- What you need to do -
Among the entries below, which lines run from the line with "SX2-3000 2V 3000Ah Deep Cycle GEL Battery" through the line with "Clemson Tigers NCAA"? Retype those, both ends included, exactly and without pictures.

- Dataset -

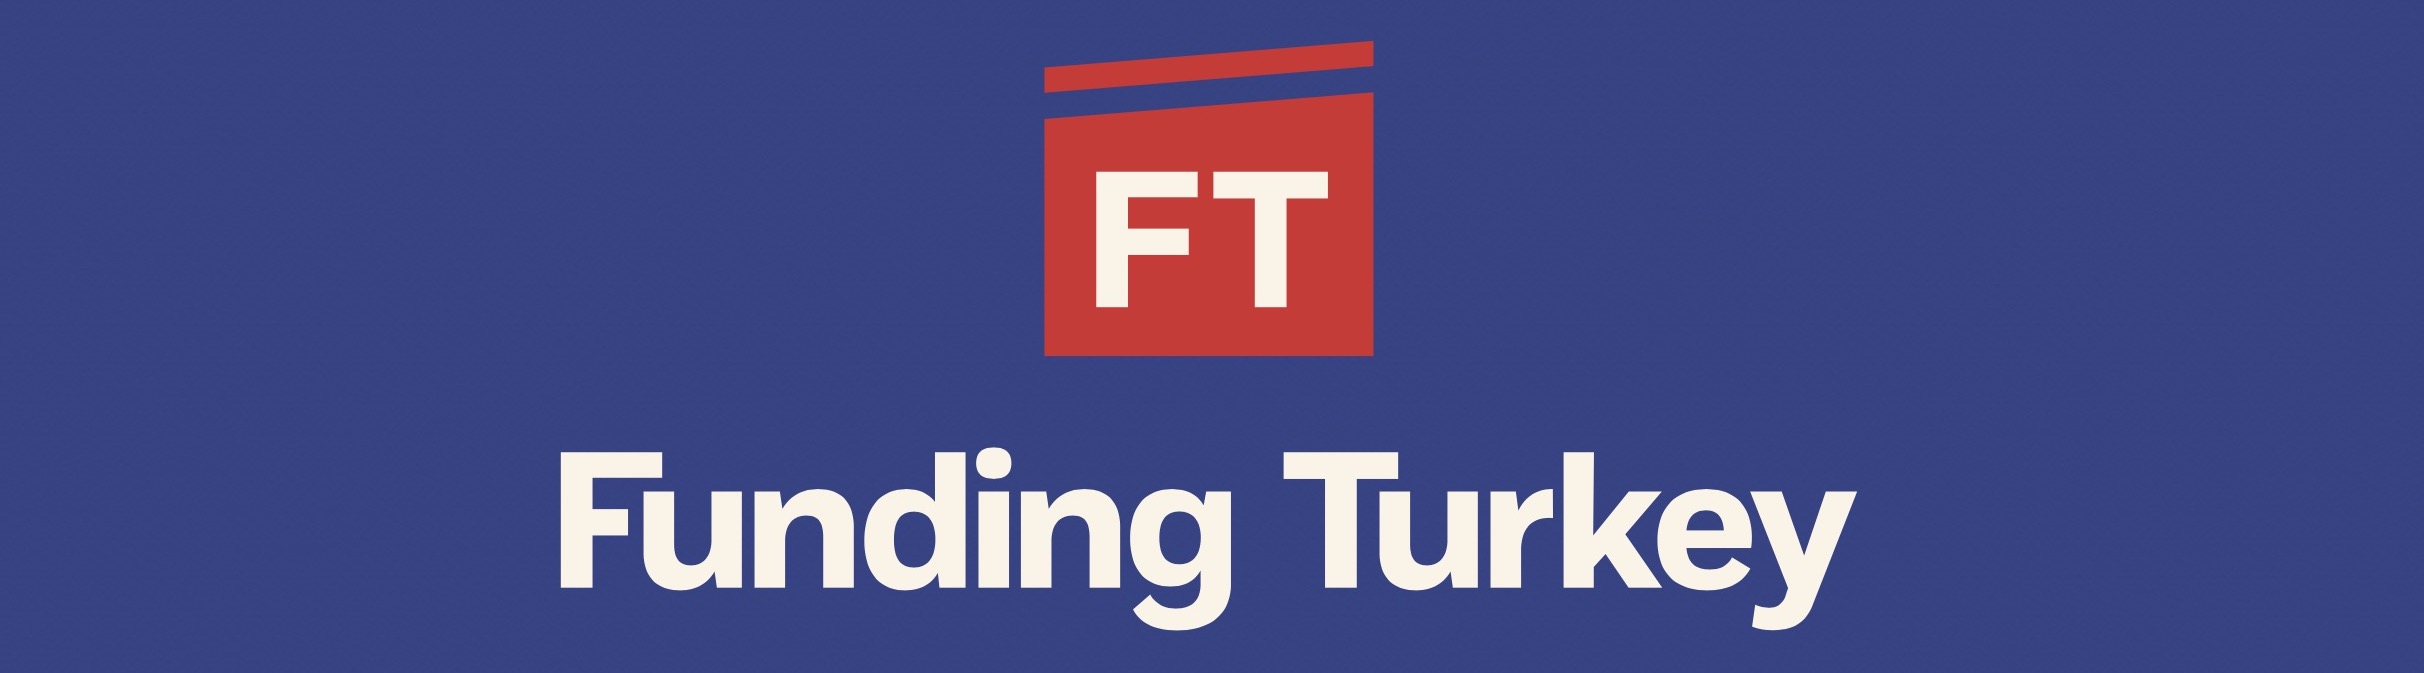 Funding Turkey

---

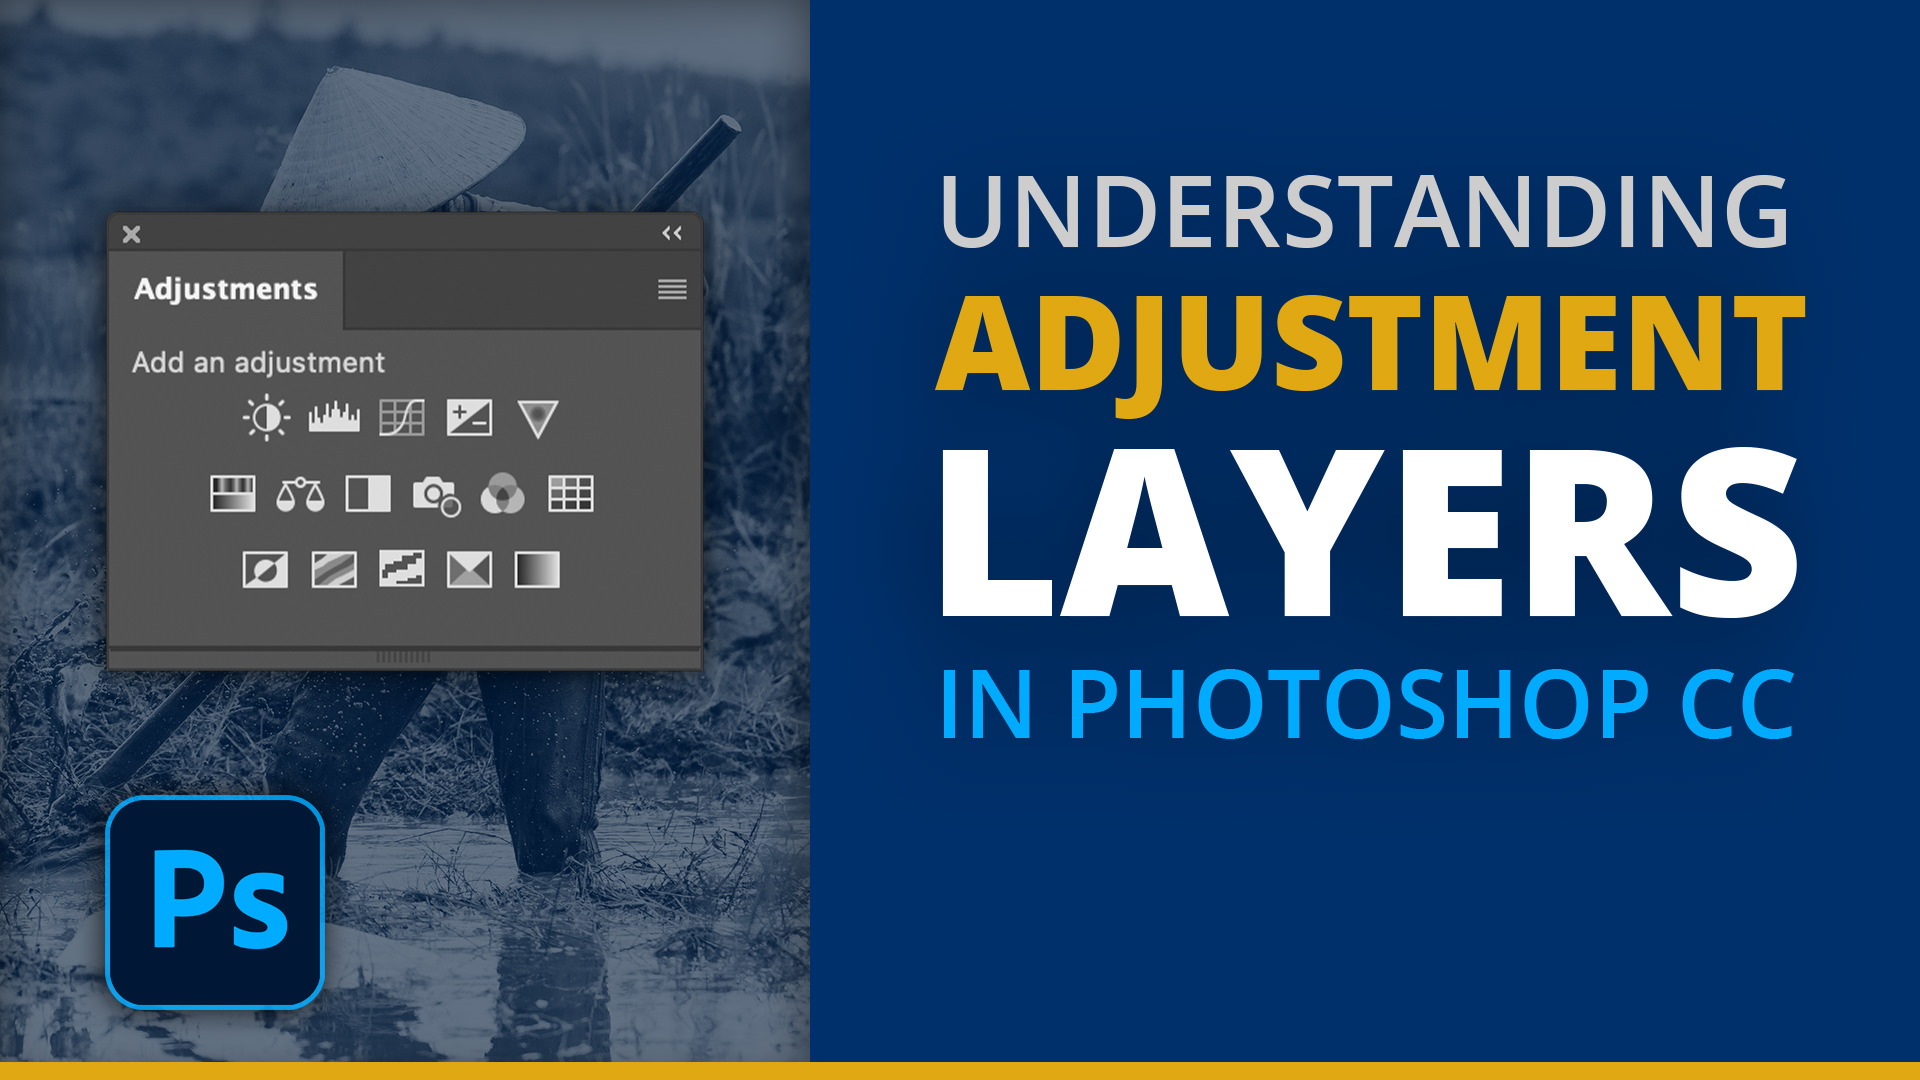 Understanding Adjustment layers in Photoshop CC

...

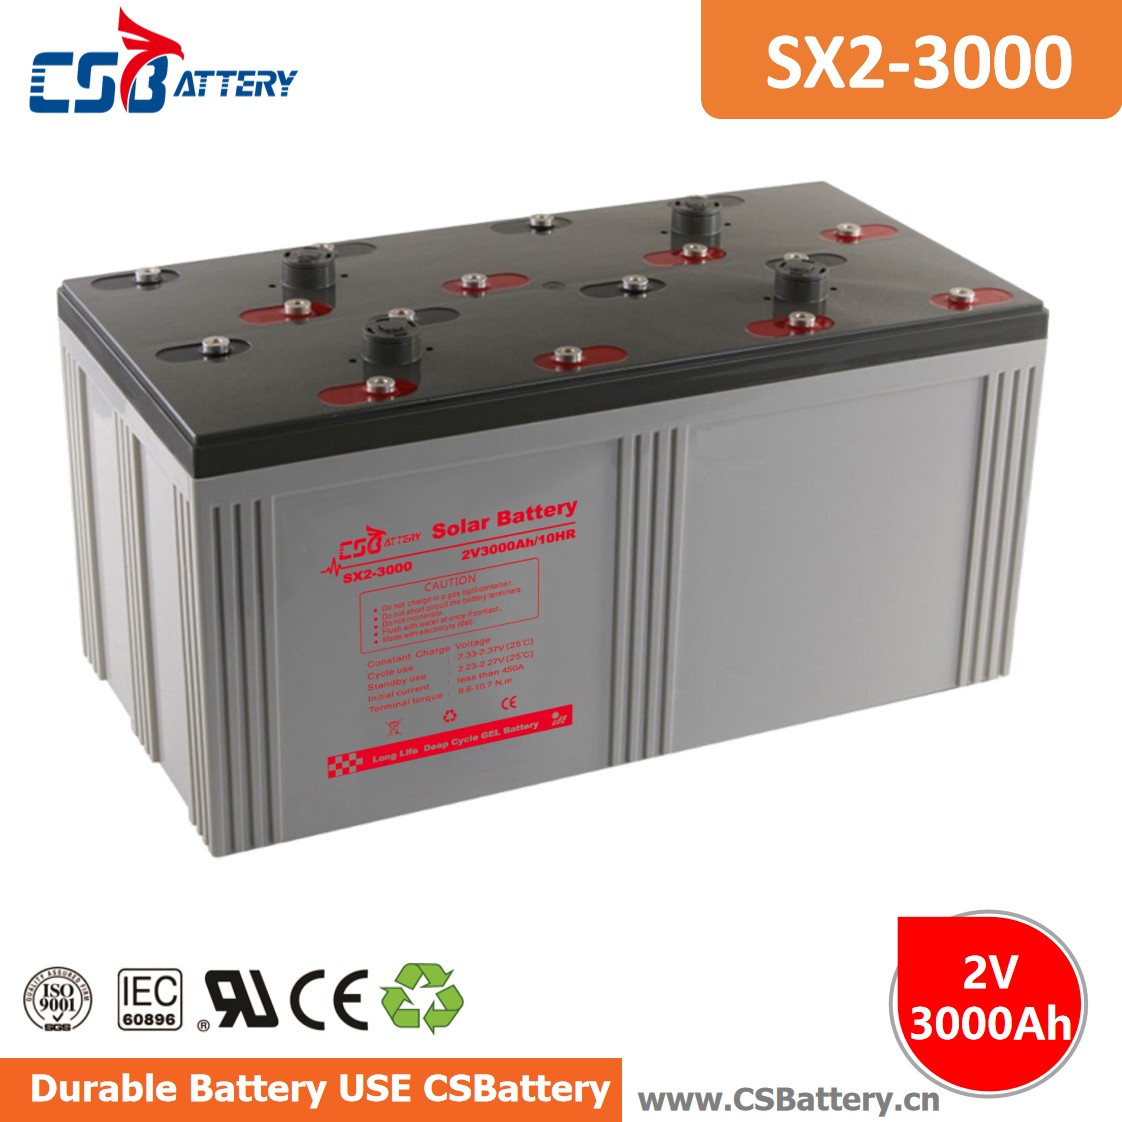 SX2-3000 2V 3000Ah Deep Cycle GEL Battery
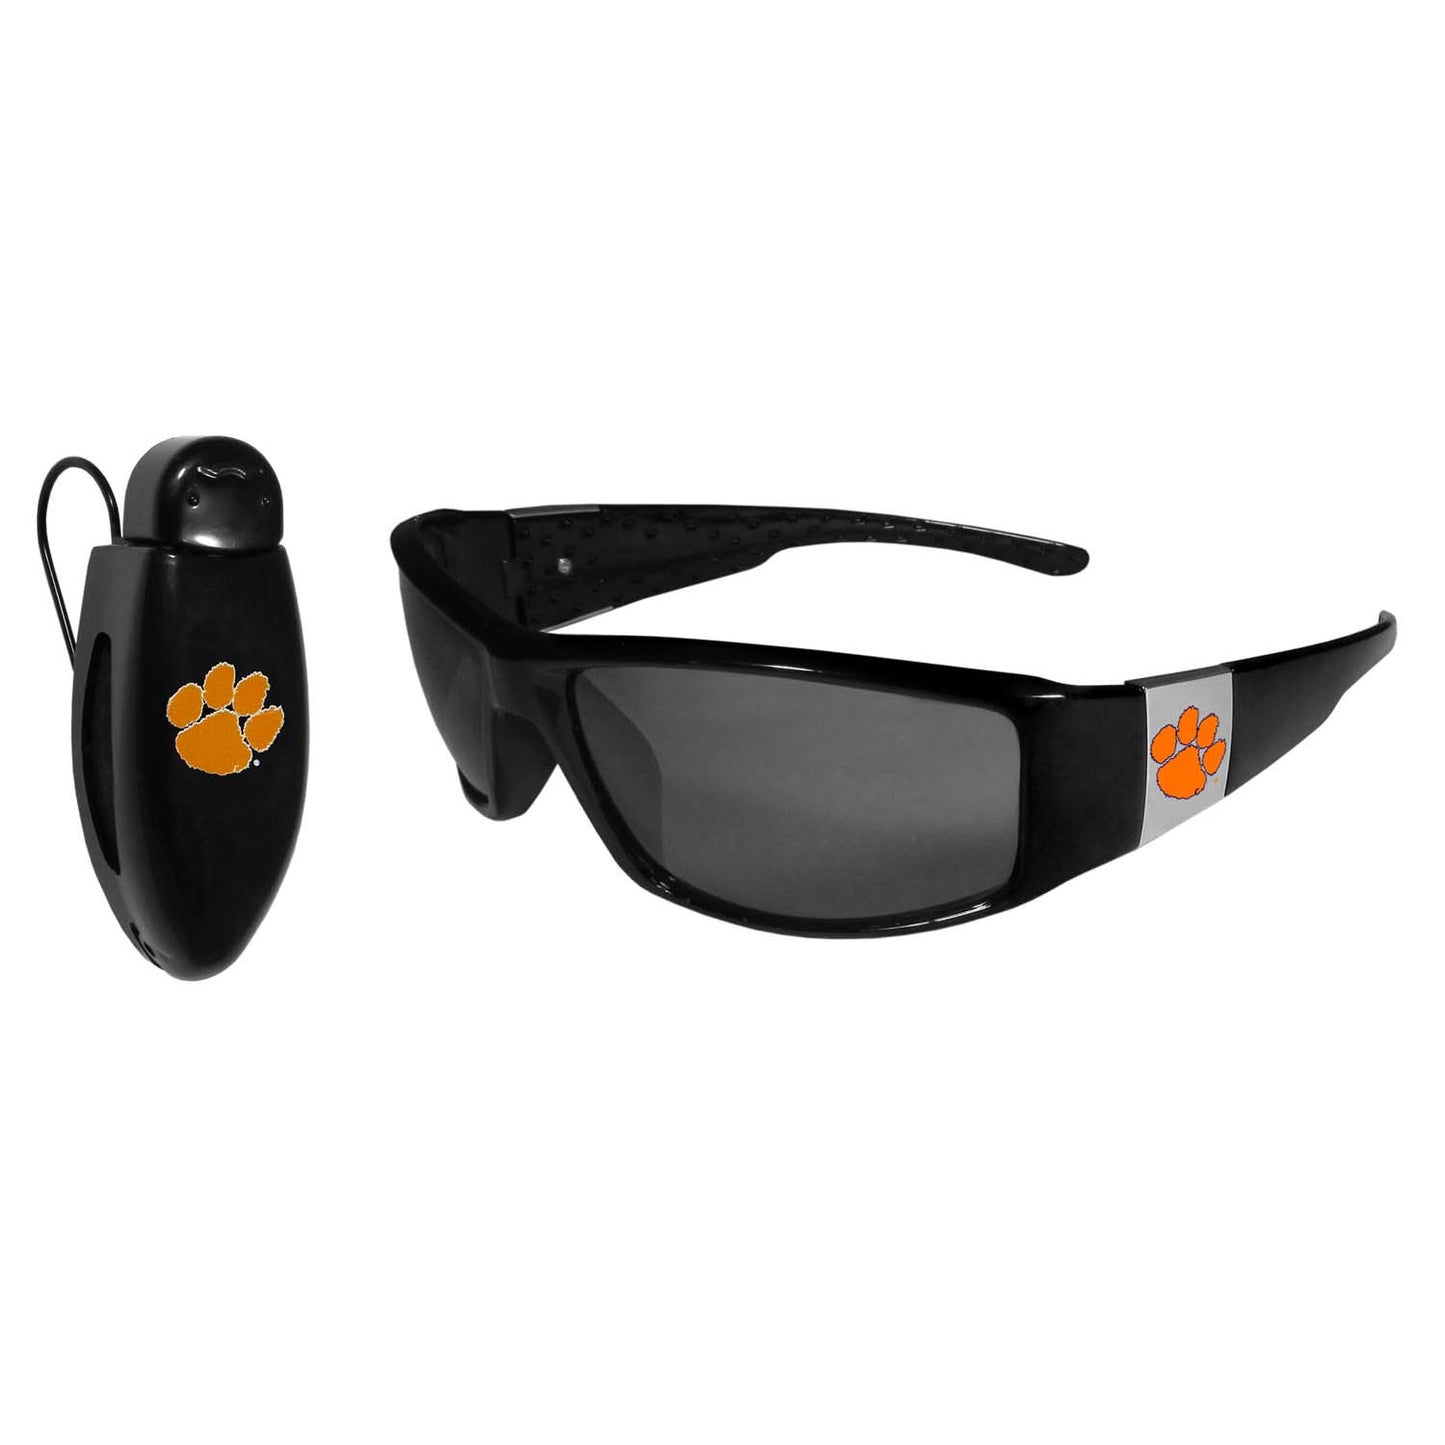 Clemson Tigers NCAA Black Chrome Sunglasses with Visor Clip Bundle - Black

- Response to the exercise -
 SX2-3000 2V 3000Ah Deep Cycle GEL Battery
 Clemson Tigers NCAA Black Chrome Sunglasses with Visor Clip Bundle - Black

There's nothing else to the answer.